Toom-4.5 (aka Toom-5x4, Toom-6x3, Toom-7x2)

Niels Möller nisse at lysator.liu.se
Thu Oct 15 11:30:46 CEST 2009


Torbjorn Granlund <tg at gmplib.org> writes:

> Where will this madness stop?  Would a toom_50_50 have a place?
> Clearly, we cannot add 100 toom function as C code.  If we need 100
> different toom functions, we need to describe the evaluation and
> interpolation steps as some sort of byte code.

I'm not sure how to compare toom vs FFT. The following is an attempt
to understand howw it works.

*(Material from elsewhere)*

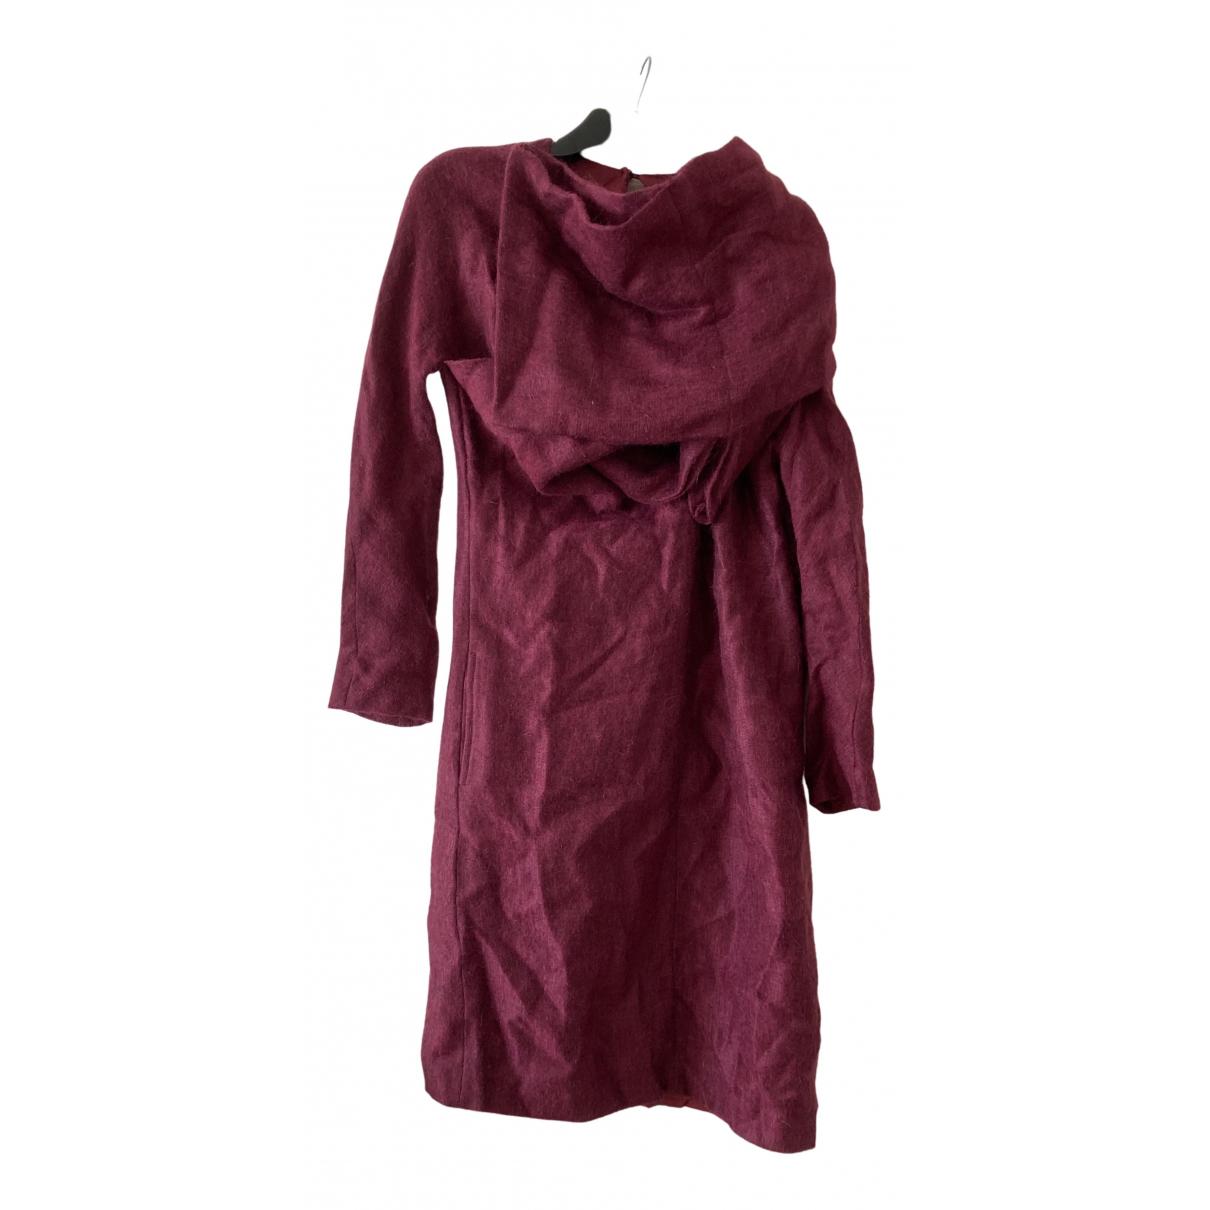 Nicole Farhi \N Burgundy Wool dress for Women 12 UK

Say we have inputs of size n and k
evaluation points (give or take a point or two, this is a rough
sketch).

Product is of size 2n, and coefficients are of size 2n/k.

Evaluation takes a polynomial of degree k/2 and evaluates it in k
points. The naive way would involve k k/2 operations on the
coefficients. Let's assume symmetry and other tricks cut it down to
half (this seems reasonable also for larger k), this gives k n / 2
limb operations for each polynomial. Pointwise multiplication is k
M(2n/k). Interpolation is k^2 operations if done by multiplying by the
inverse matrix (each operation on numbers of size 4n/k. I'm not sure
one can do a lot better for larger k, so lets say this is what it
takes. Then we have 4 k n limb operations for interpolation.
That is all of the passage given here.